Phase I groundbreaking in 2018 / photo by Midpen staff

Bear Creek Redwoods Preserve Plan

Phase I groundbreaking in 2018

Located three miles south of Los Gatos, the nearly 1,500-acre Bear Creek Redwoods Open Space Preserve features fir and redwood forests, perennial creeks and views of the Sierra Azul Range, as well as cultural and historic resources like a close-knit equestrian community and the former site of the first Jesuit seminary on the west coast. A public-private partnership led by Midpen and the Peninsula Open Space Trust preserved the land as public open space in 1999, protecting it from being developed into a golf course and luxury homes.

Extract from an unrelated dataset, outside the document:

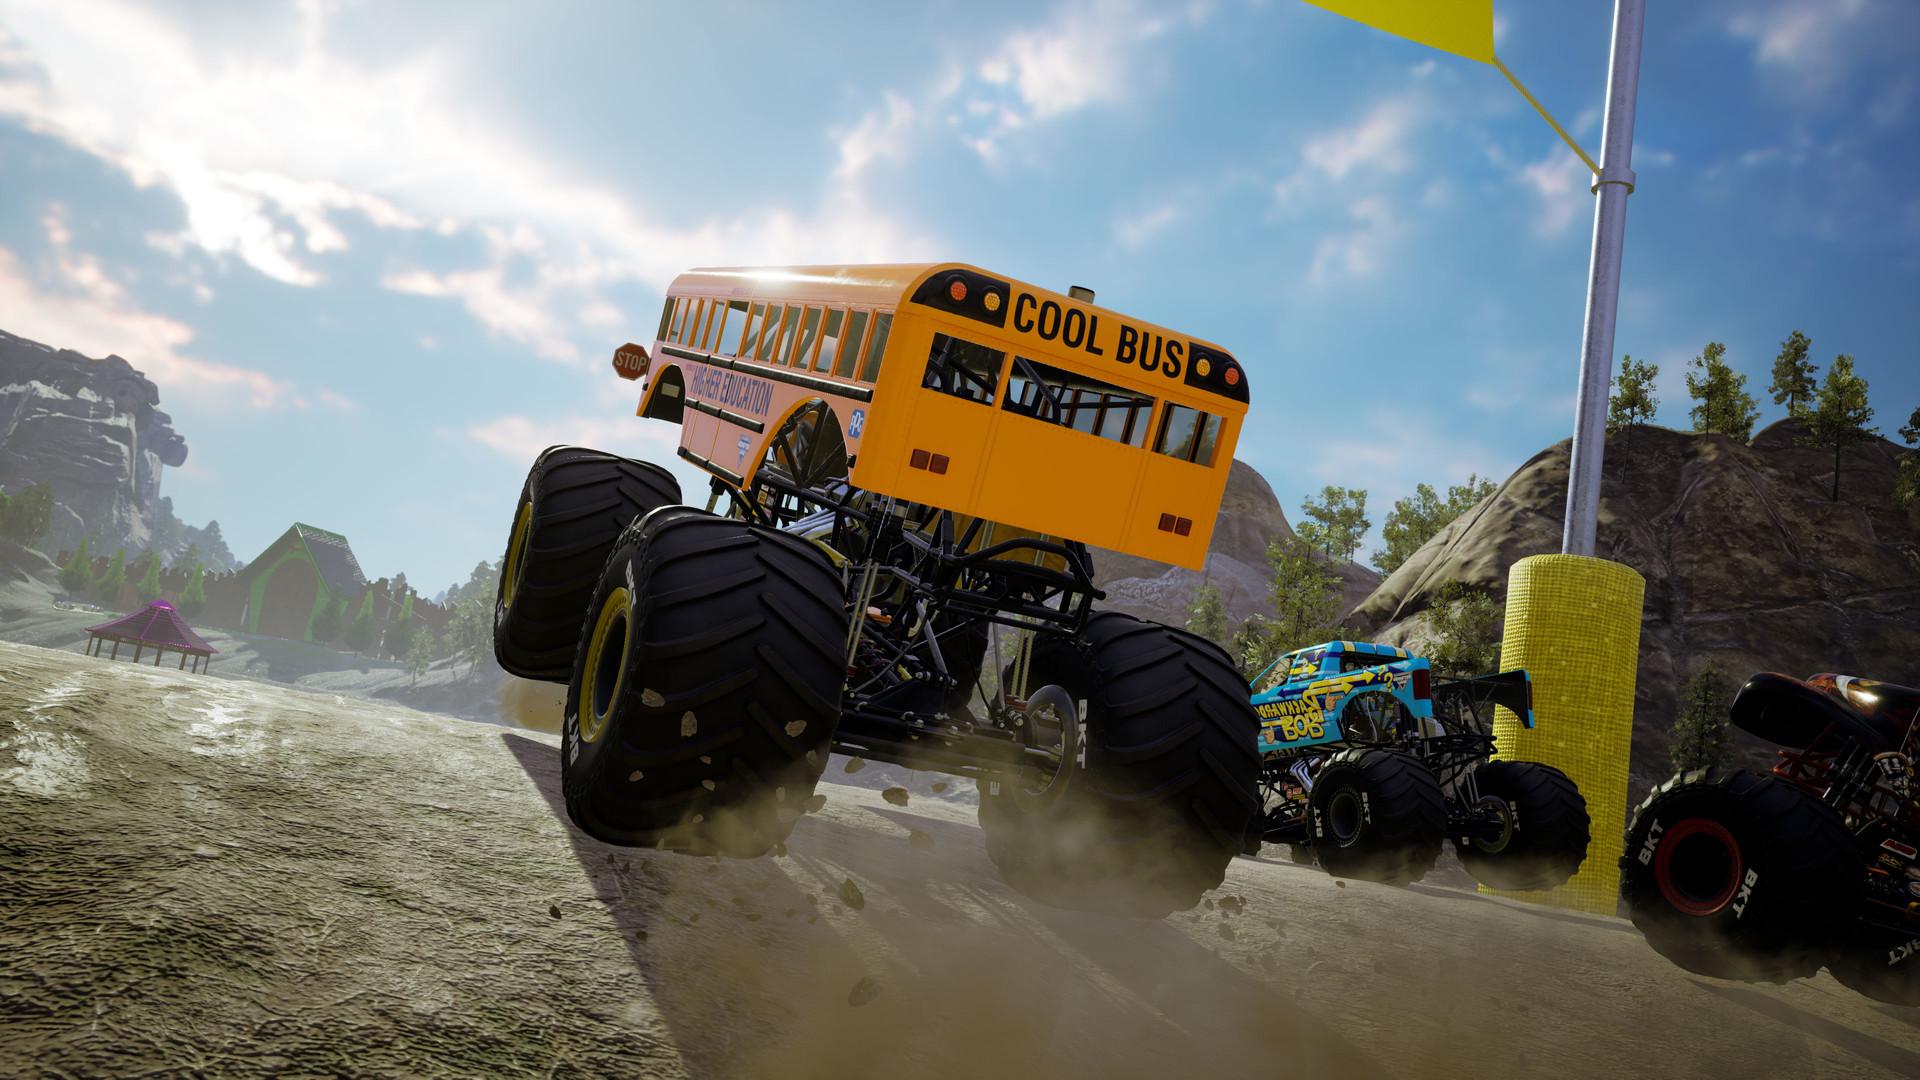 怪物卡车钢铁巨人2/怪物卡车钢铁泰坦2/怪兽卡车2/单机.同屏多人

After a decade-long process that included substantial public outreach and involvement, Midpen completed the Bear Creek Redwoods Preserve Plan, a long-term use and management plan for the preserve, in 2017. Stewardship actions, including invasive nonnative plant species abatement, erosion reduction, habitat restoration and cultural resources protection, received the highest priority. Implemented in three phases, the preserve plan also included public access improvements, including parking areas, hiking and equestrian trails and a multiuse trail connecting the Lexington Reservoir area to Highway 35 (Skyline/Summit Roads).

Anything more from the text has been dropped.